Scientists have demonstrated that modifying an enzyme produced by the bacterium that causes anthrax can protect mice from infection with the deadly disease. Their findings, published in today’s online edition of Science Translational Medicine, suggest a potential therapeutic strategy for treating multidrug-resistant strains of anthrax, and could lead to new treatments for other bacterial infections.
Bacillus anthracis, the bacterium that causes anthrax, is recognized as one of the most significant bioterrorism threats, as well as a public health challenge in many parts of the world. Three main components allow it to cause disease—lethal toxin, edema toxin, and capsule. In this study, the researchers developed a method to degrade the capsule surrounding the bacterium, allowing it to be ingested and destroyed by the white blood cells—thus reducing virulence.
Public health officials have become increasingly concerned about strains of anthrax that appear to be resistant to treatment with known antibiotics, according to Arthur M. Friedlander, M.D., the paper’s senior author. He and his team at the U.S. Army Medical Research Institute of Infectious Diseases (USAMRIID) worked with investigators at the U.S. Naval Research Laboratories, the University of Washington in Seattle, and the University of California at Davis to explore alternative treatment approaches that do not rely on the use of antibiotic drugs.
One promising avenue is to make the bacterium more susceptible to the innate immune system—the human body’s first line of defense against a pathogenic “invader.” The innate immune response consists of physical, chemical and cellular defenses that work to immediately prevent the spread of foreign pathogens throughout the body. Enzymes known as capsular depolymerases, which are naturally produced by several classes of bacteria, have emerged as a potential new line of antivirulence agents.

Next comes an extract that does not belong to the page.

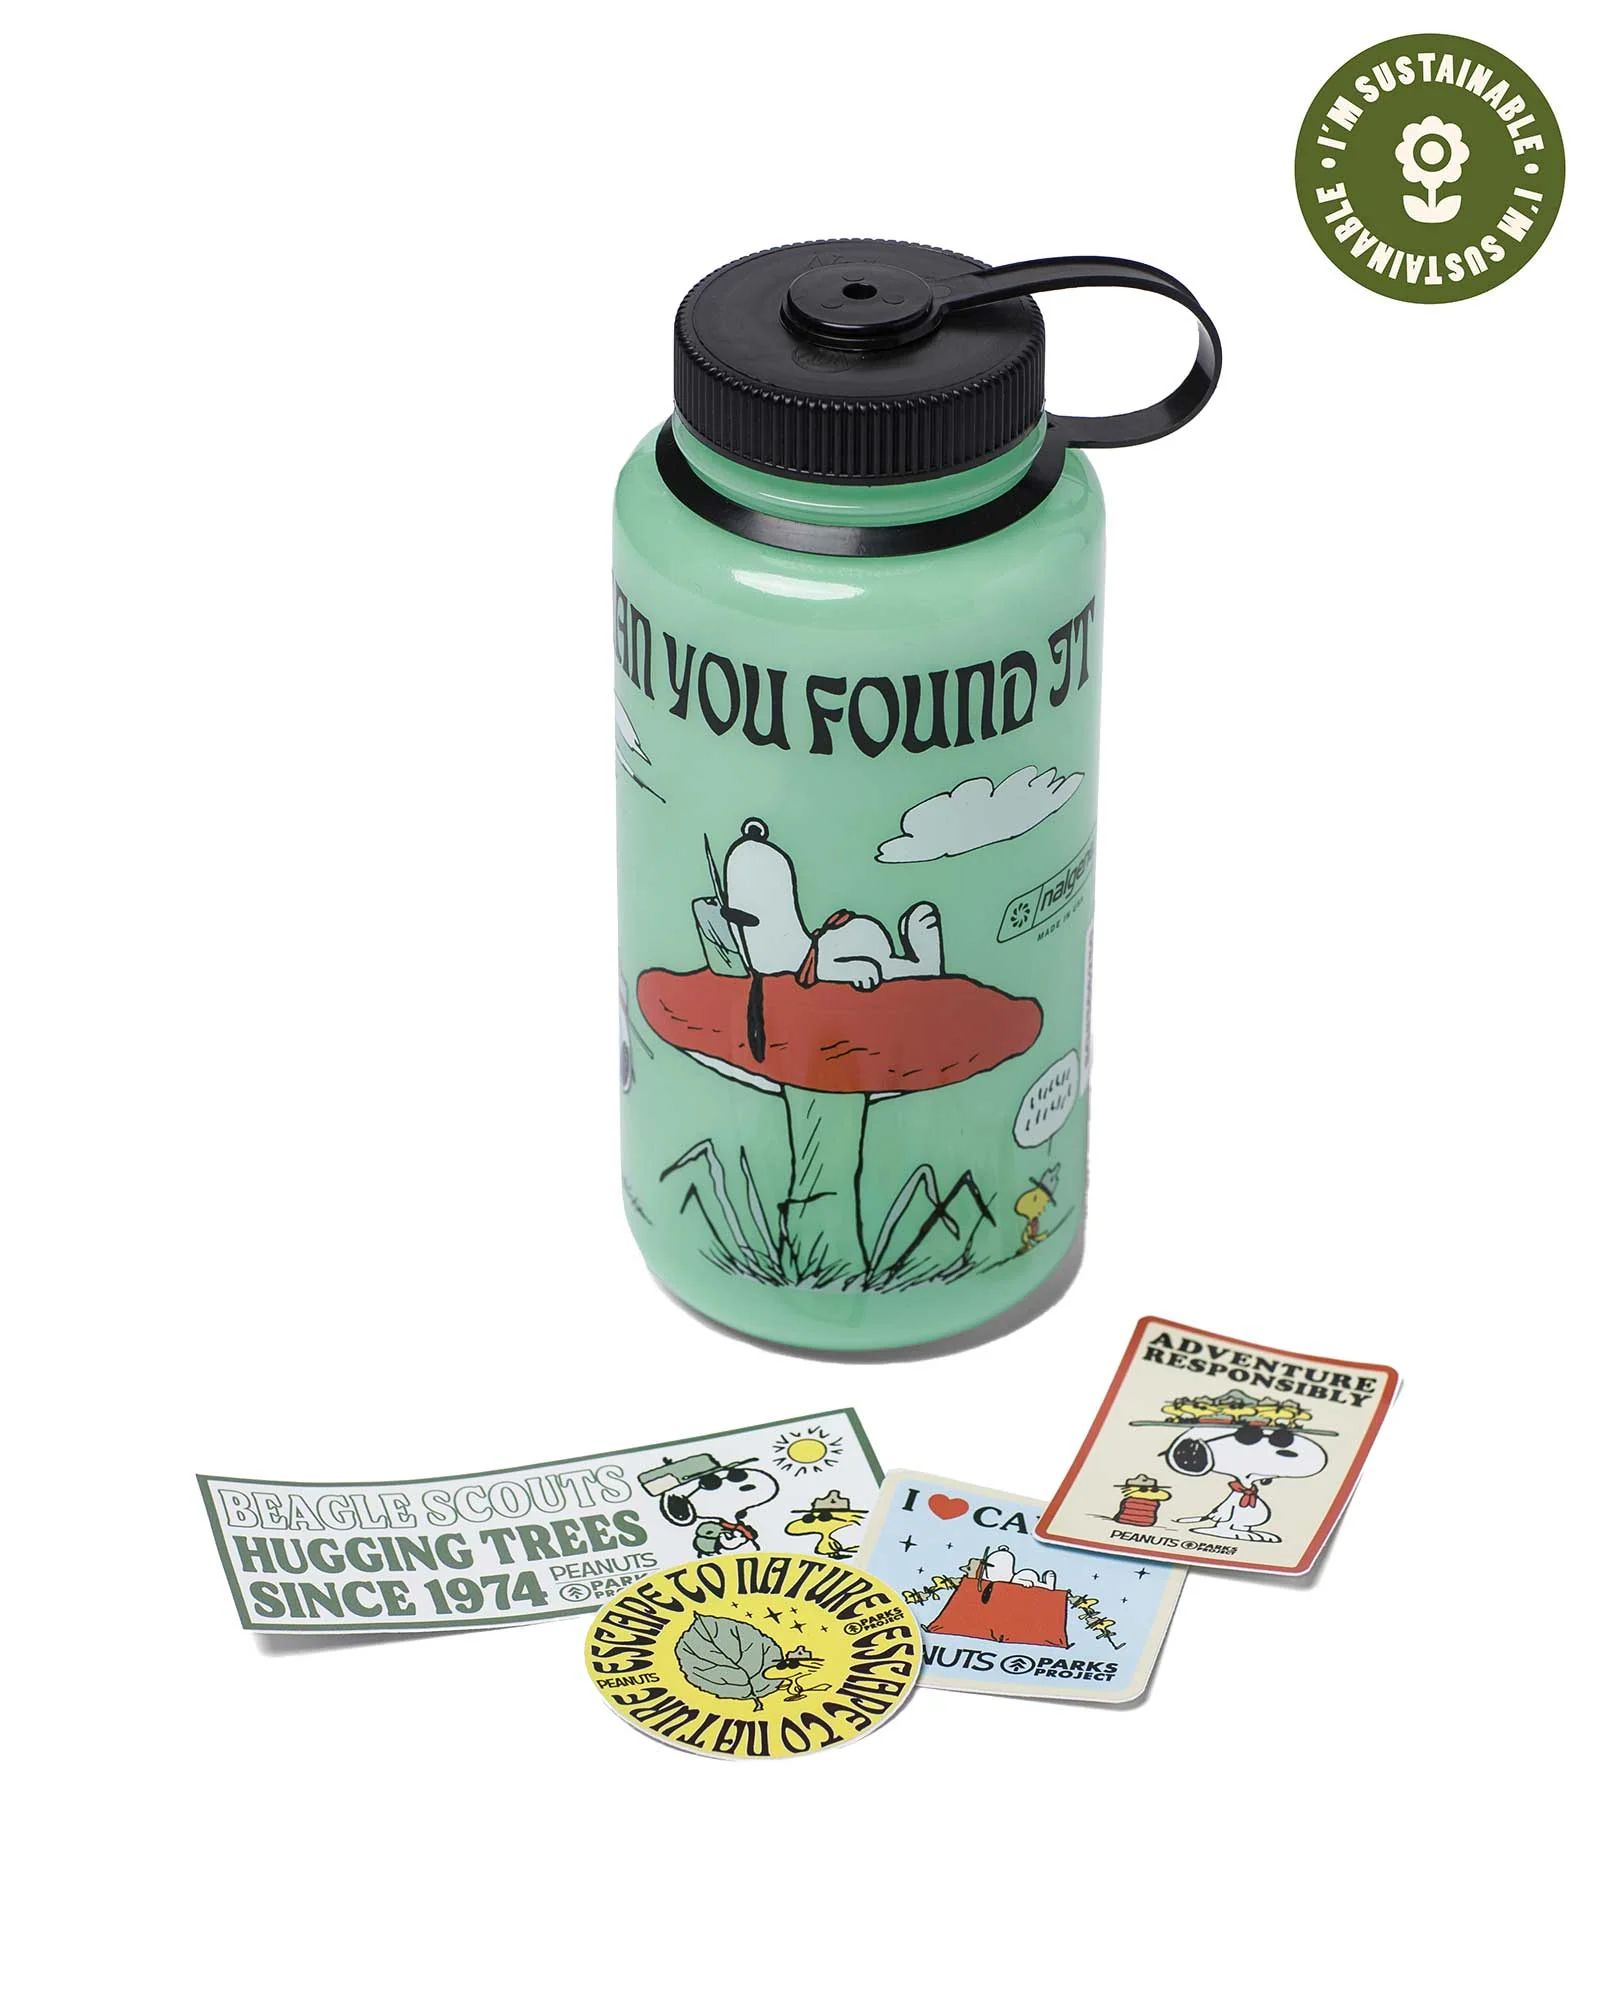 Peanuts x Parks Project Recycled Water Bottle and Sticker Pack | Parks Project

“Identification of the capsule depolymerase enzyme within the anthrax bacillus led us to attempt to use that enzyme to remove the capsule,” said Friedlander. “When this proved successful, we utilized recombinant DNA technology and protein engineering methods to engineer and reconfigure the enzyme in new ways.”

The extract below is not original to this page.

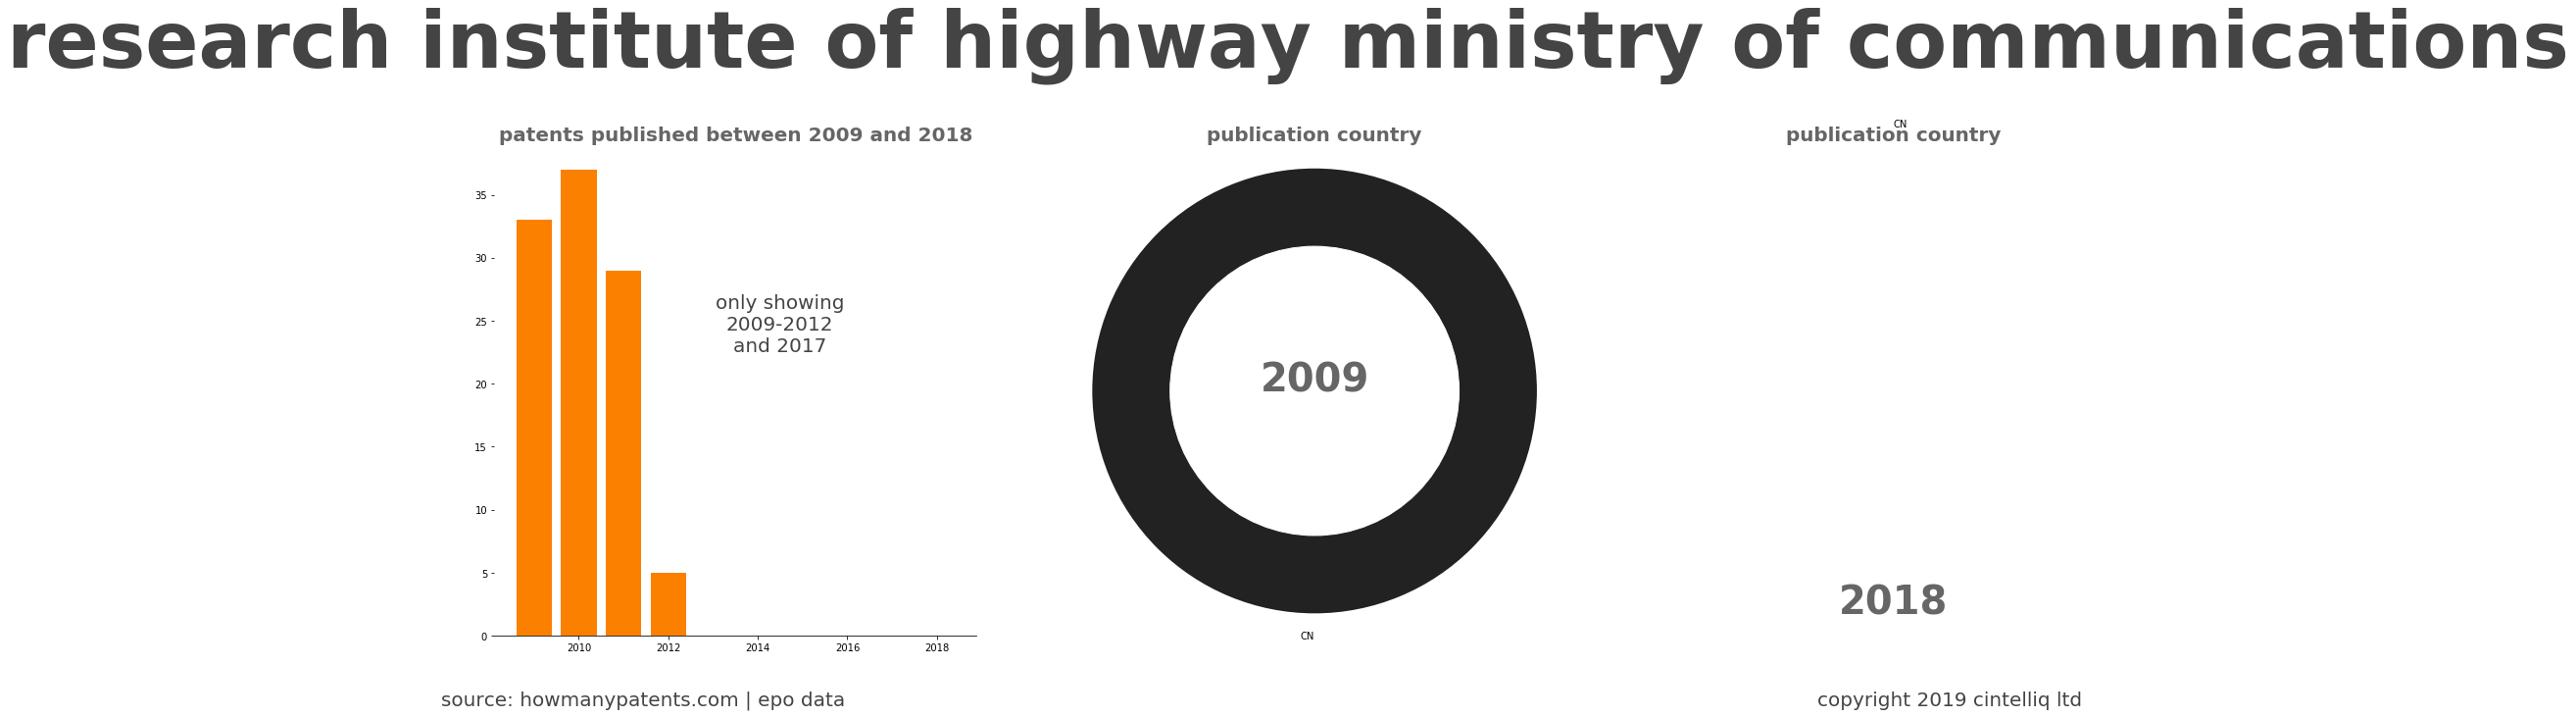 summary of patents for Research Institute Of Highway Ministry Of Communications

Those “engineering changes” included circular permutation by protein design, to enhance stability and make the enzyme easier to produce, and pegylation, which improves the enzyme’s pharmacokinetics—the properties that allow it to be absorbed and properly distributed within the body. The team then tested the pegylated enzyme, known as PEG-CapD-CPS334C, to be sure it had retained its enzymatic activity.

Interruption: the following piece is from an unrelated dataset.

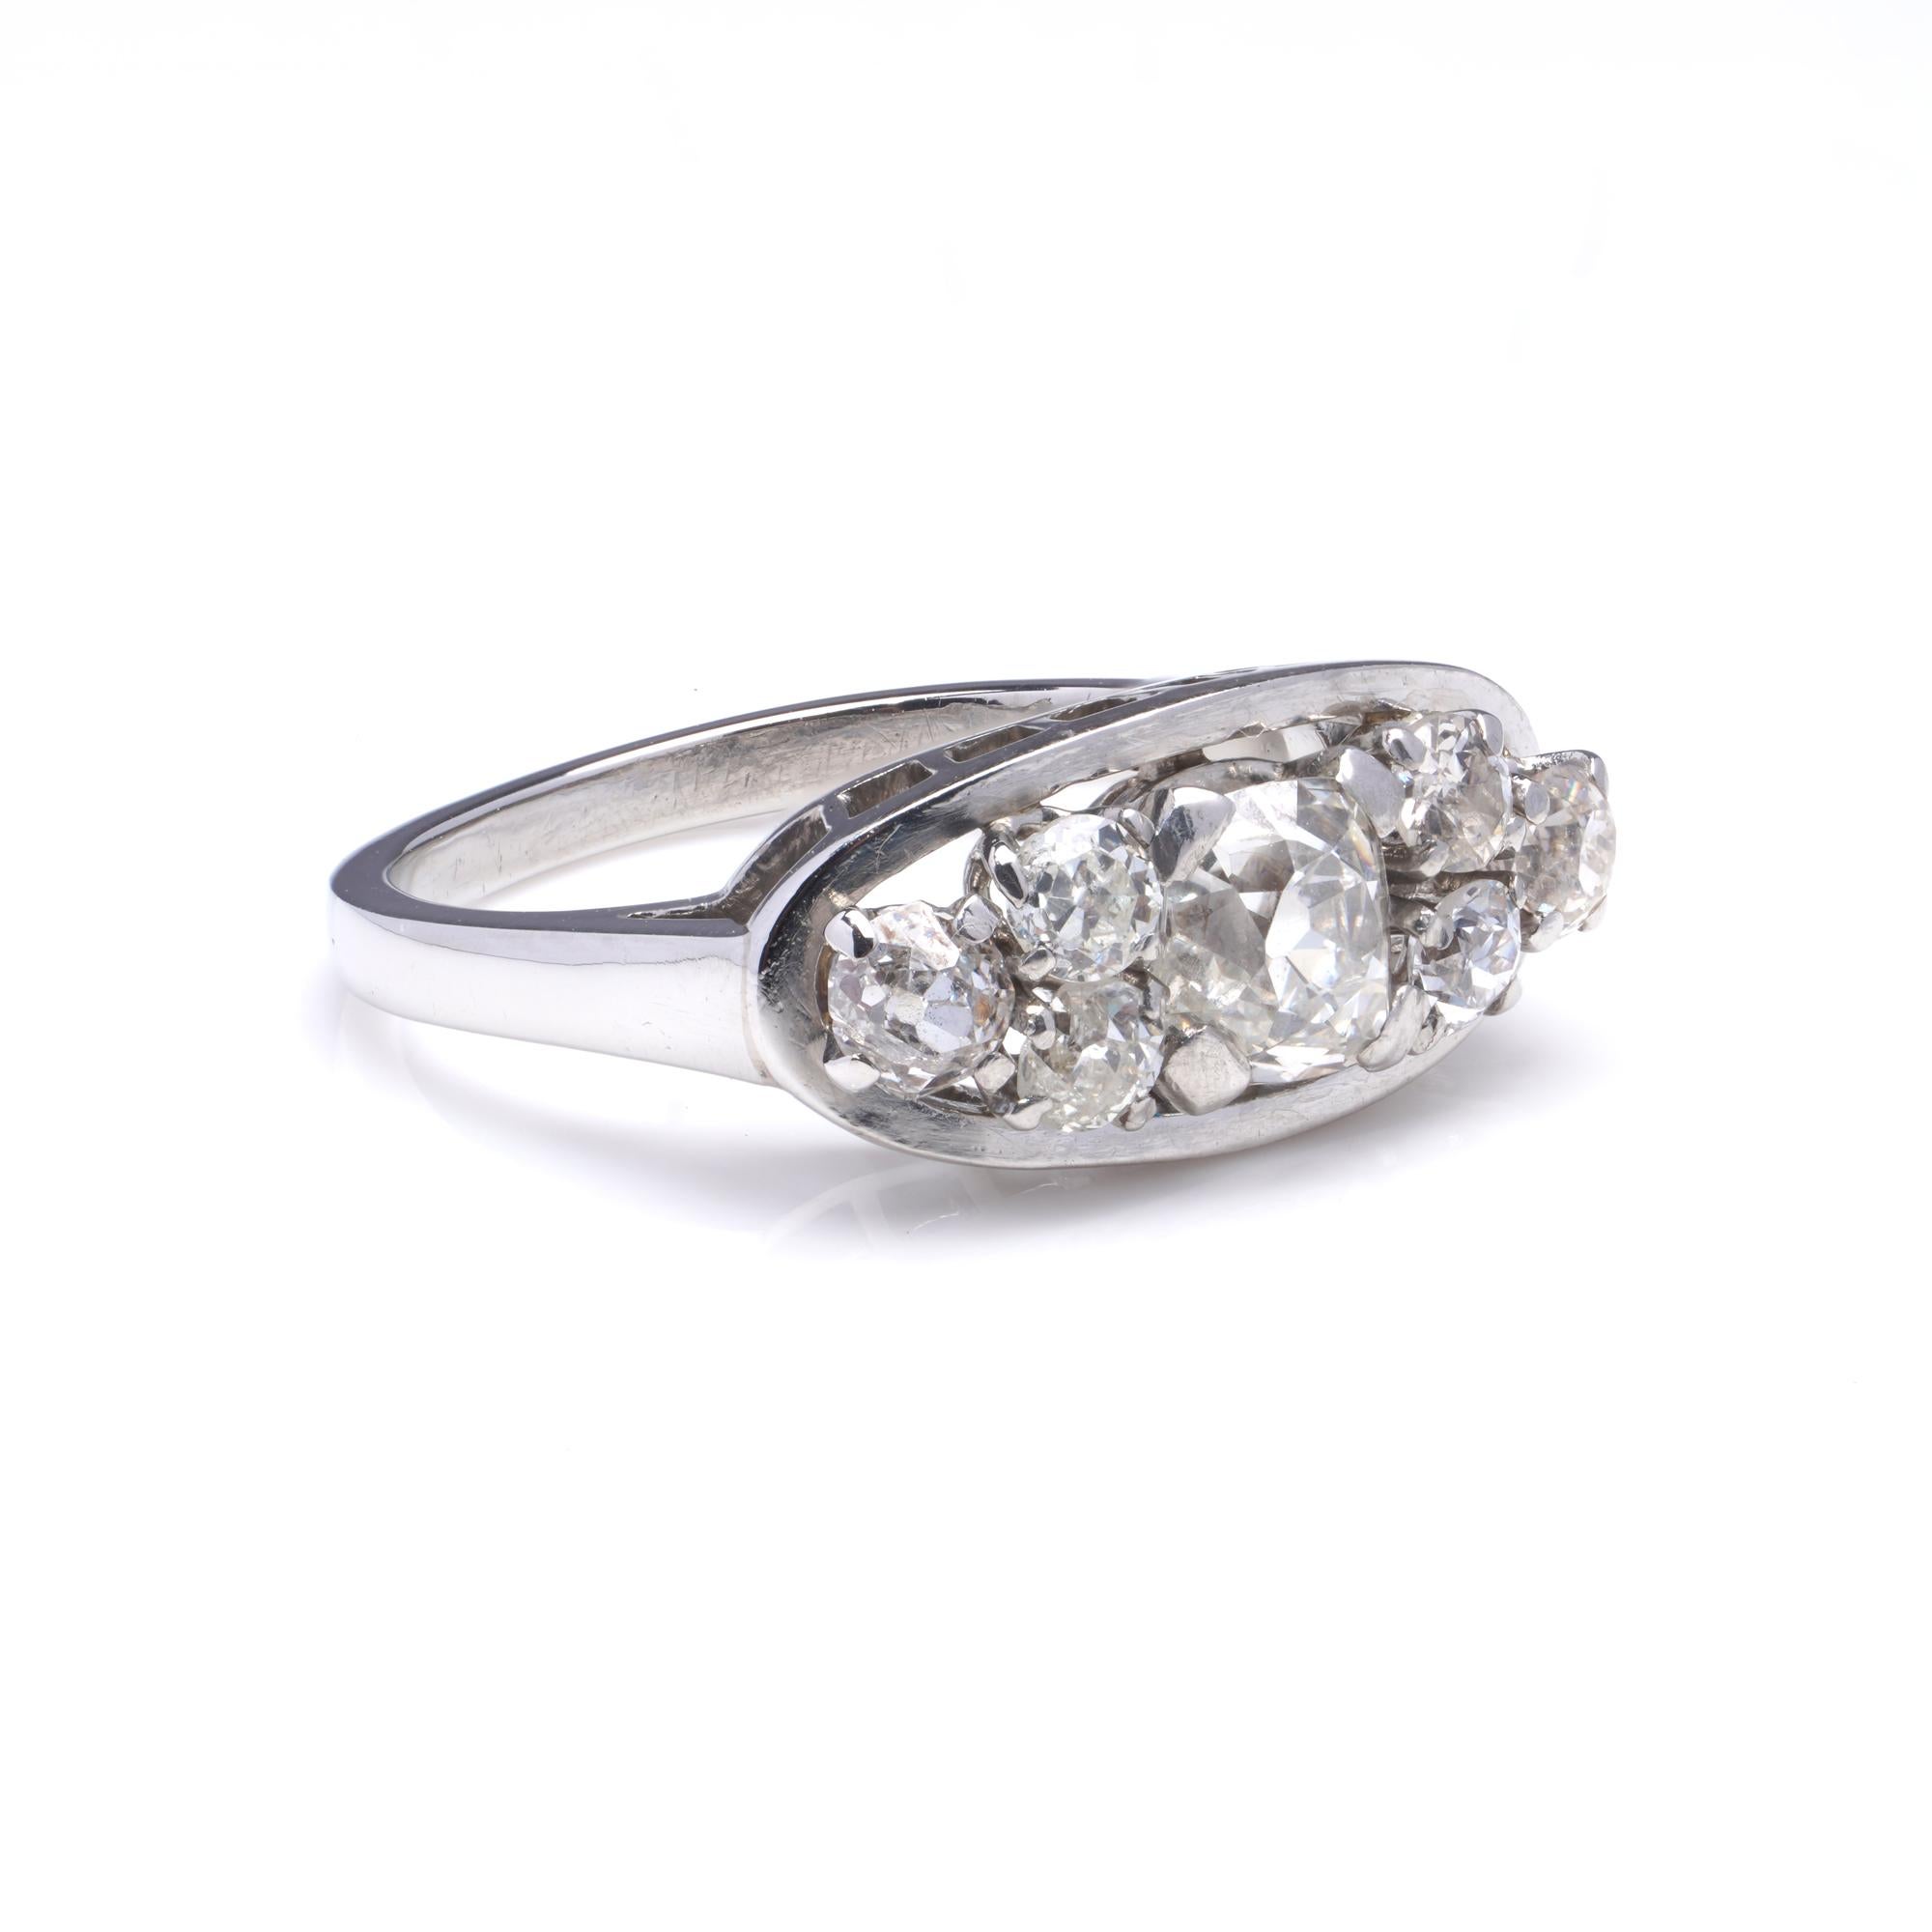 Old Mine Cut Platinum Ladies' Ring Set with 1.76 Carats Old, Mine Cut Diamonds For Sale

In the study, 10 of 10 mice infected with anthrax spores from a nontoxigenic encapsulated strain were completely protected after treatment with PEG-CapD-CPS334C, while only 1 of 10 mice receiving a control treatment survived. Similarly, treatment of mice infected with a fully virulent encapsulated strain using PEG-CapD-CPS334C protected 8 of 10 animals, while only 2 of 10 control animals survived.
“This strategy renders B. anthracis susceptible to the innate immune responses and does not rely on antibiotics,” the authors concluded. “These findings suggest that enzyme-catalyzed removal of the capsule may be a potential therapeutic strategy for the treatment of multidrug-resistant anthrax and other bacterial infections.”
It could also allow warfighters exposed to anthrax through natural or other means to be treated at the time of exposure or shortly thereafter, preserving combat power in forward areas where advanced diagnostics and treatments may not be readily available.